◆ Source material ◆
··········
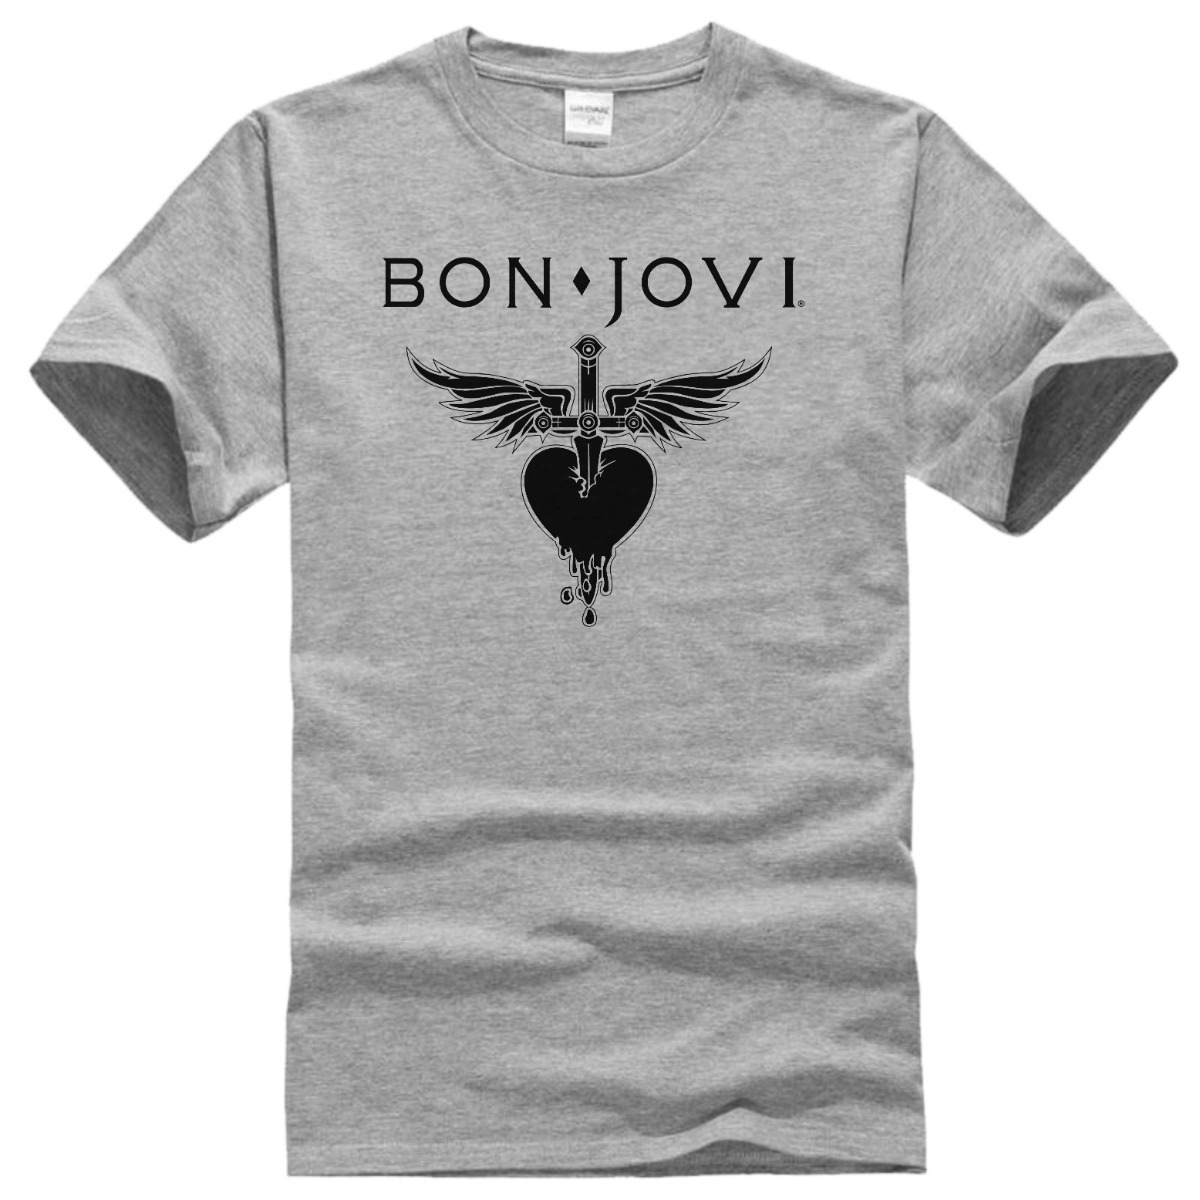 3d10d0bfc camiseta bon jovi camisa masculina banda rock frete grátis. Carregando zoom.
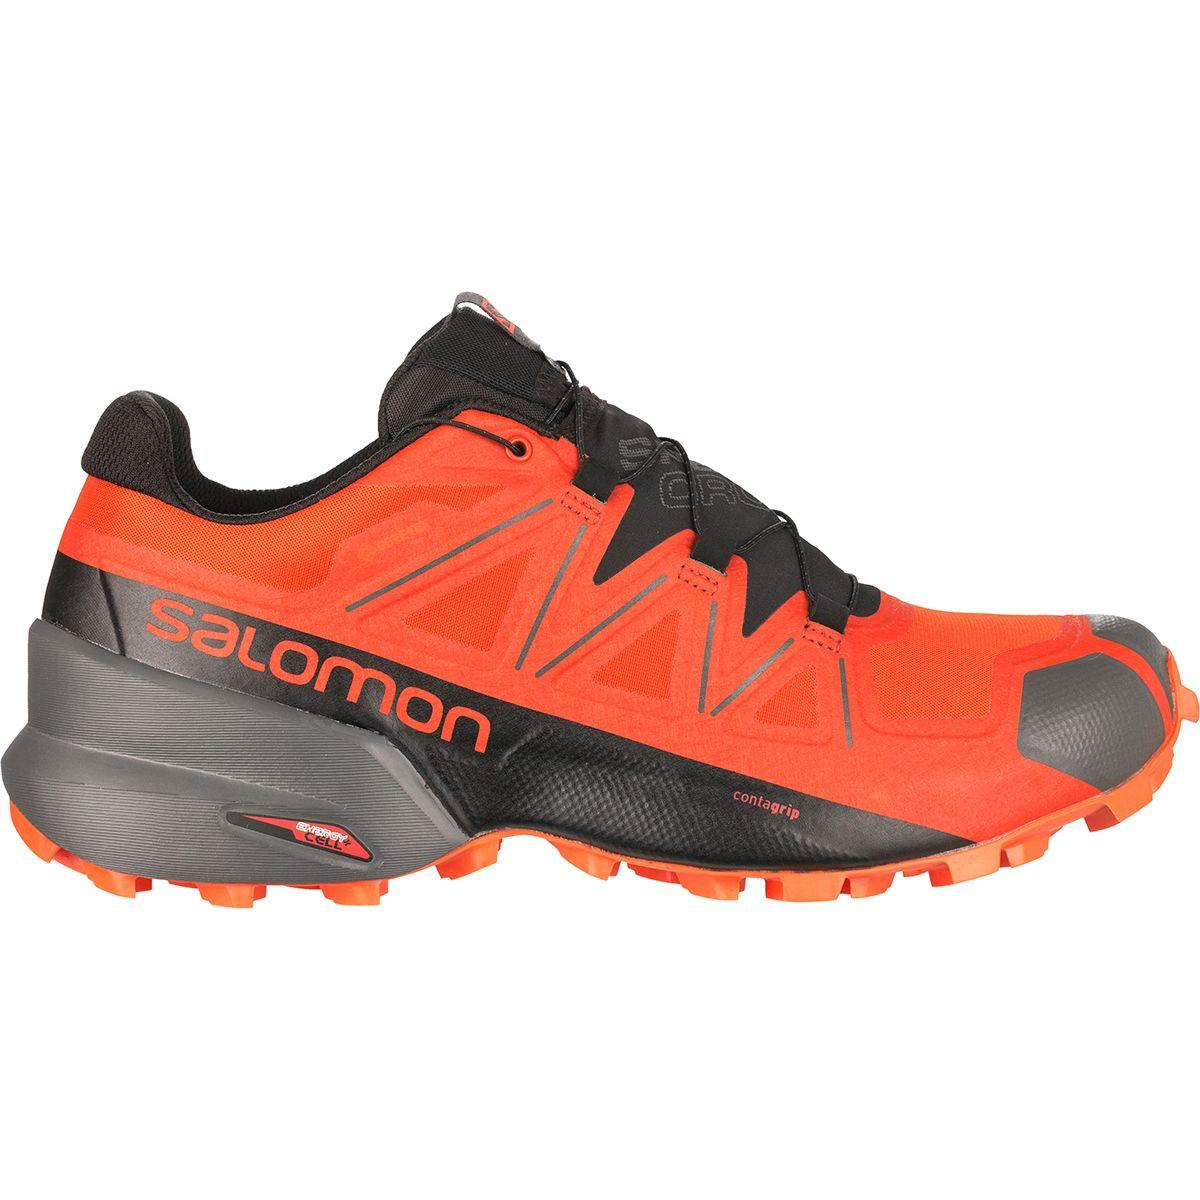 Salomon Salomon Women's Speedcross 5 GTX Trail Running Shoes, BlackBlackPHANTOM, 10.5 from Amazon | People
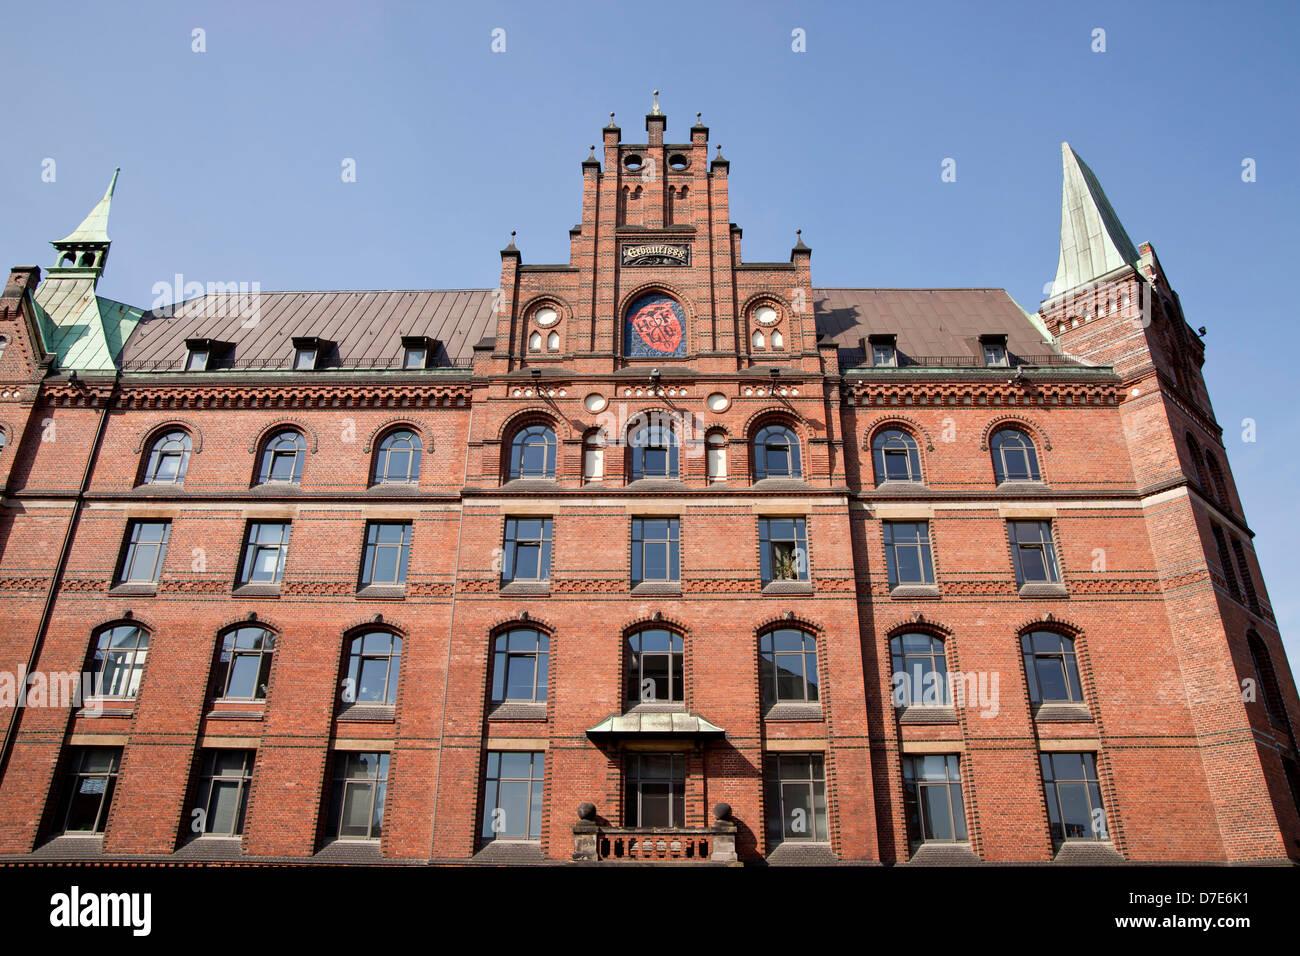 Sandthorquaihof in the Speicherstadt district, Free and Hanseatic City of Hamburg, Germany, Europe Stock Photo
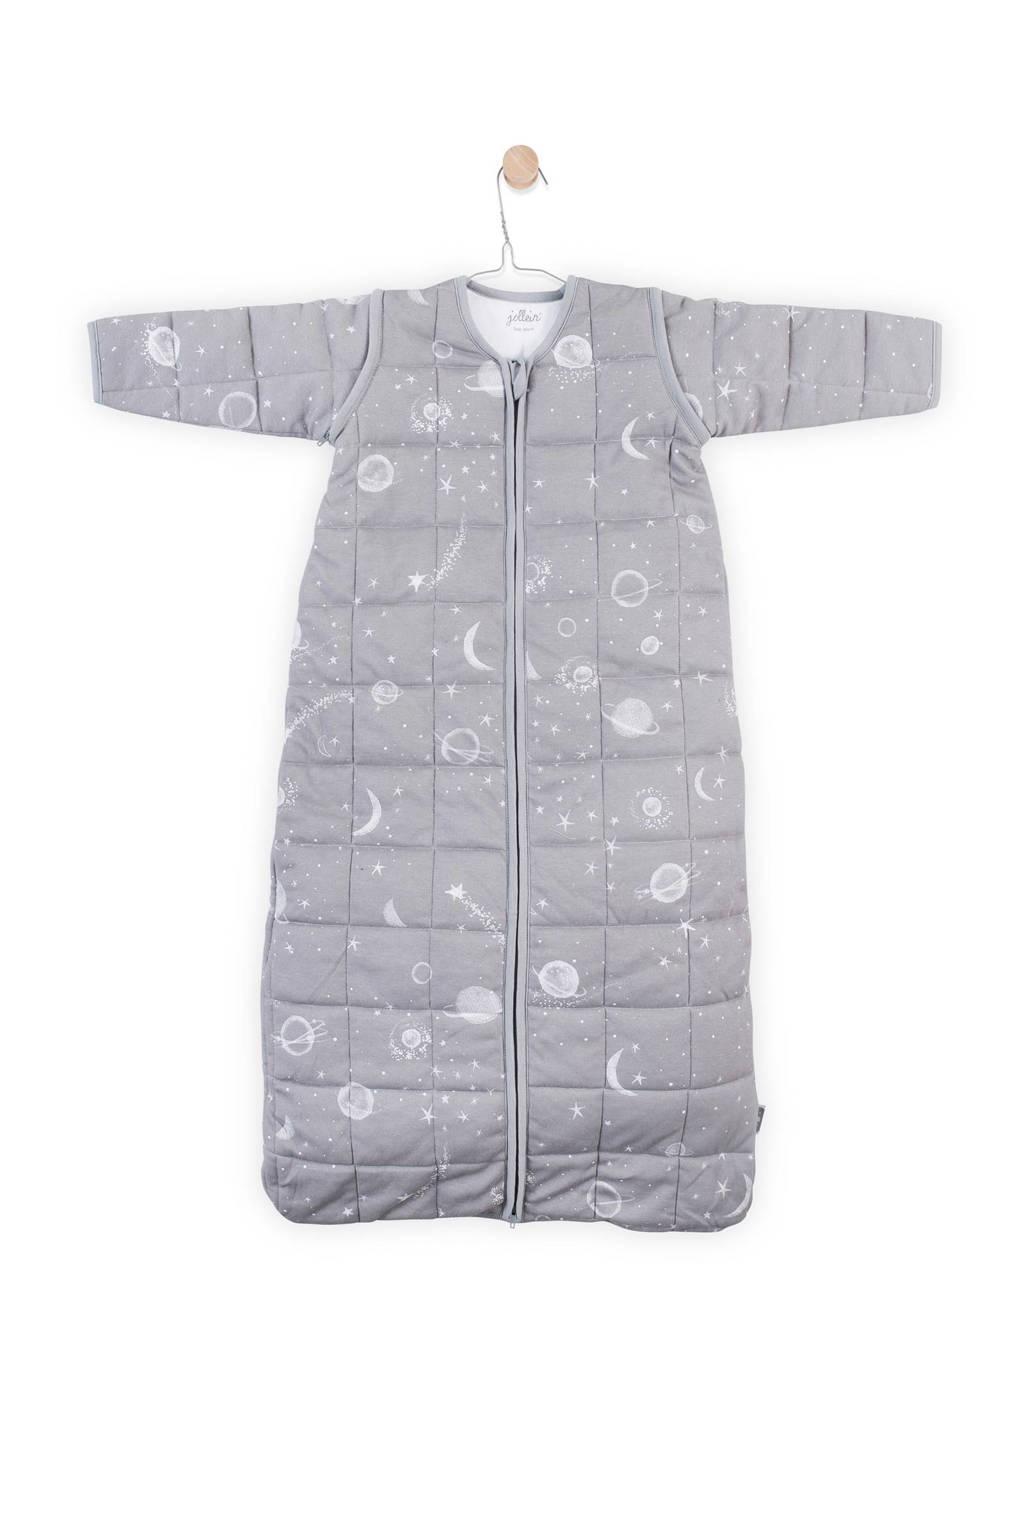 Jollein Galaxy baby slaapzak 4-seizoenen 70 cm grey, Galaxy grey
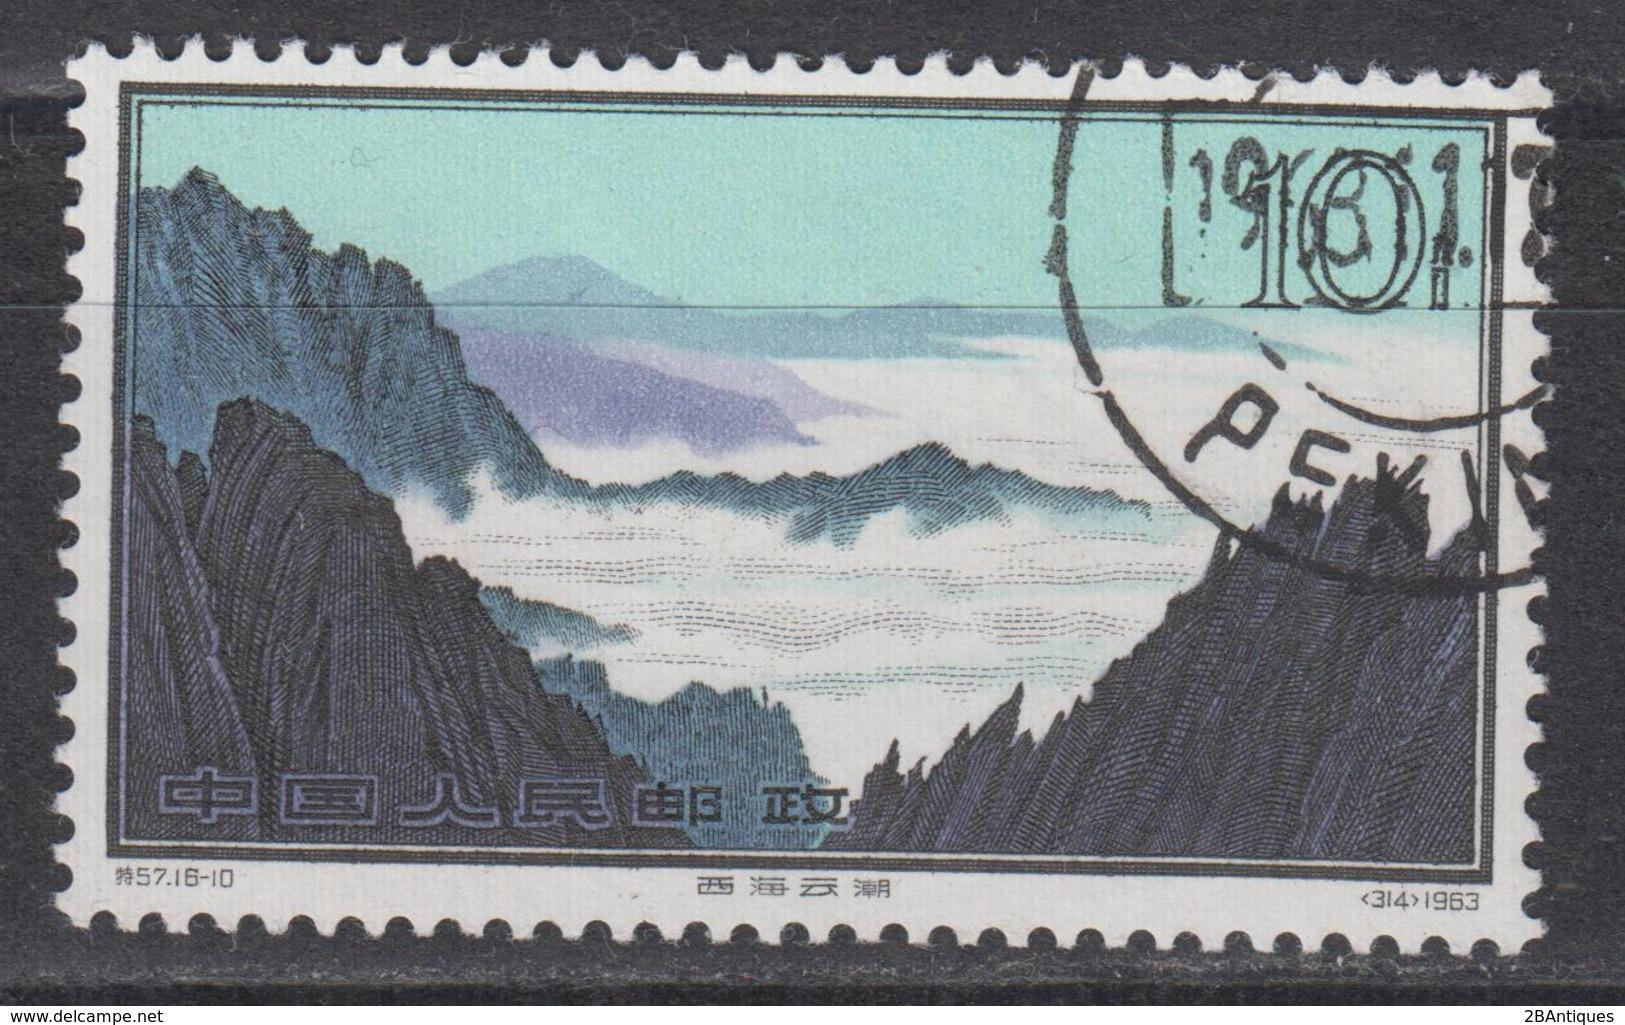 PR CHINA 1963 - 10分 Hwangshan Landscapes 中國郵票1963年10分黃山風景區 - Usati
··········
Retype each entry precisely. Skip images entirely.

 3d10d0bfc camiseta bon jovi camisa masculina banda rock frete grátis. Carregando zoom.
 Salomon Salomon Women's Speedcross 5 GTX Trail Running Shoes, BlackBlackPHANTOM, 10.5 from Amazon | People
 Sandthorquaihof in the Speicherstadt district, Free and Hanseatic City of Hamburg, Germany, Europe Stock Photo
 Jollein Galaxy baby slaapzak 4-seizoenen 70 cm grey, Galaxy grey
 PR CHINA 1963 - 10分 Hwangshan Landscapes 中國郵票1963年10分黃山風景區 - Usati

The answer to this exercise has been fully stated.